A Dynamic Link Library (DLL) is a program module within which function functions are available for use by a program or other DLL. There are a large number of files or modules in a system that are constructed using DLLs, an API is an application programming interface that can be implemented by one or a set of DLLs, so that any API used by a process in the system will use a DLL, and the process will use the API functions derived in these DLLs to interact with the file system, process, registry, network, and Graphical User Interface (GUI). Therefore, the process running in the system, whether malicious or benign, calls the dynamic link library of the system when running, and the process can call the executable code in the dynamic link library to complete a series of functions required to be completed by the process. For a benign process, the functions to be completed are usually some normal functions, so the called DLLs are also the more common dynamic link libraries, and for a malicious process, some malicious operations need to be executed during the execution, so some special dynamic link libraries may be called.

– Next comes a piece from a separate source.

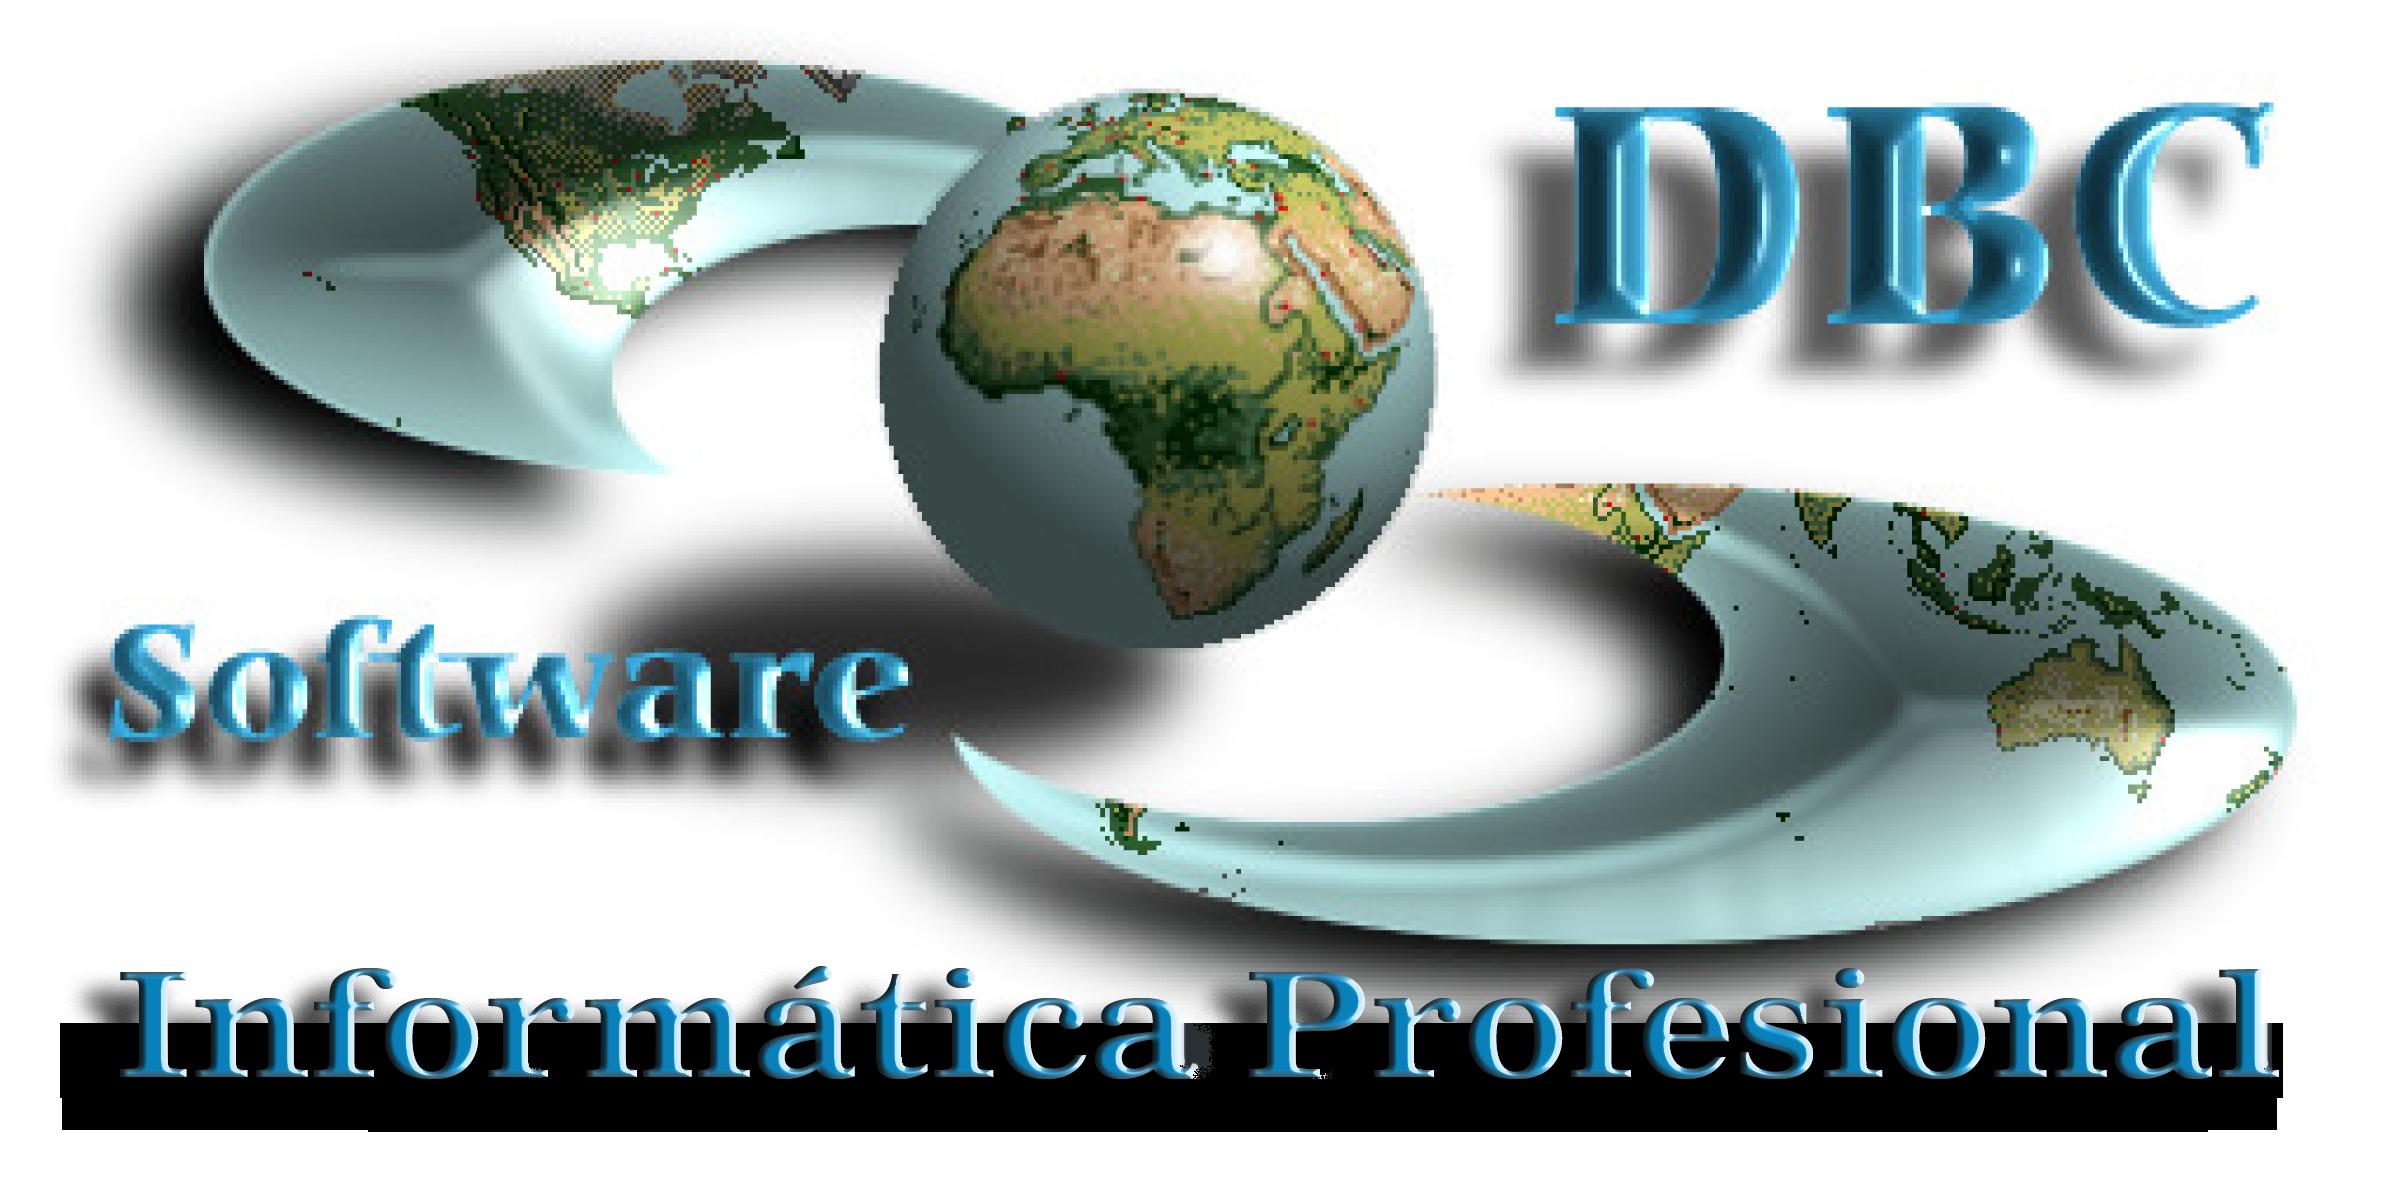 Desarrollo Binario y Comunicaciones, S.L. (D.B.C. Software)

The processing flow of the information acquisition module is as follows:

(1) configuring an environment: the virtual machine environment is established, an environment for running codes needs to be configured inside the virtual machine, and some application programs need to be installed, so that a user can execute programs to finish common tasks (such as webpage browsing, character editing and video playing), and the virtual machine is started from the mirror image after the virtual machine is started.

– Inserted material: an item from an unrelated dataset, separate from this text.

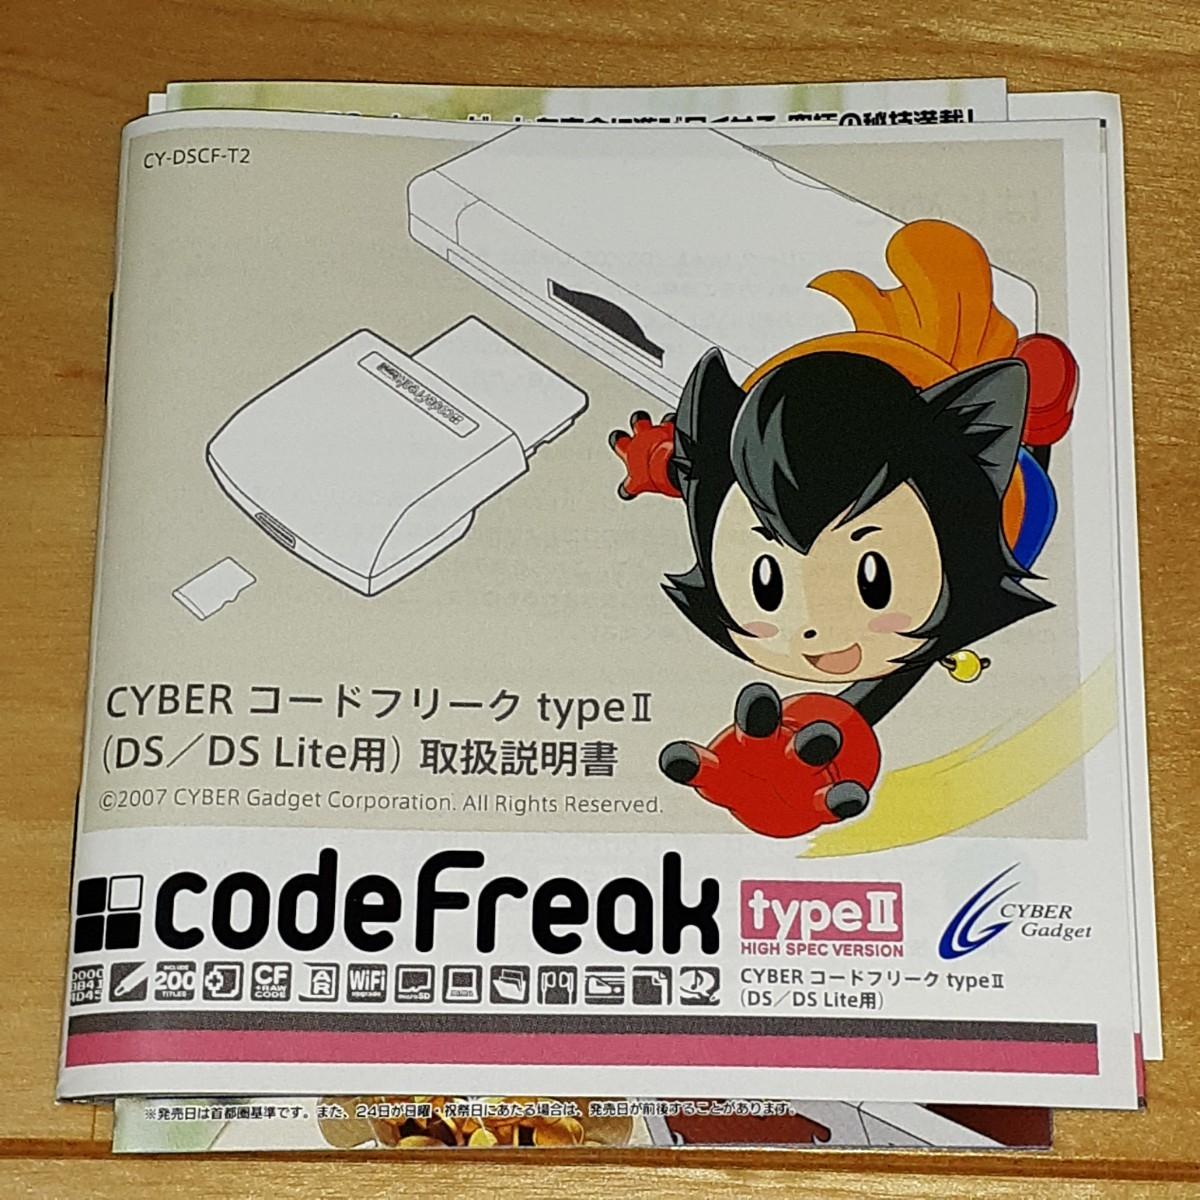 コードフリーク type2

(2) Executing code that automatically runs the sample: the code can automatically execute the sample and obtain data that does not require manual acquisition. The code can automatically start a virtual machine system, execute the sample in the virtual machine while starting the system, simultaneously acquire the running state of the operating system and the information of the dynamic link library, and store the information after extracting the information. In the host, after the information is extracted, the memory mirror image of the virtual machine is stored, the virtual machine is closed, and the memory mirror image is analyzed to obtain the memory forensics information. And then the virtual machine is restarted to run the next sample.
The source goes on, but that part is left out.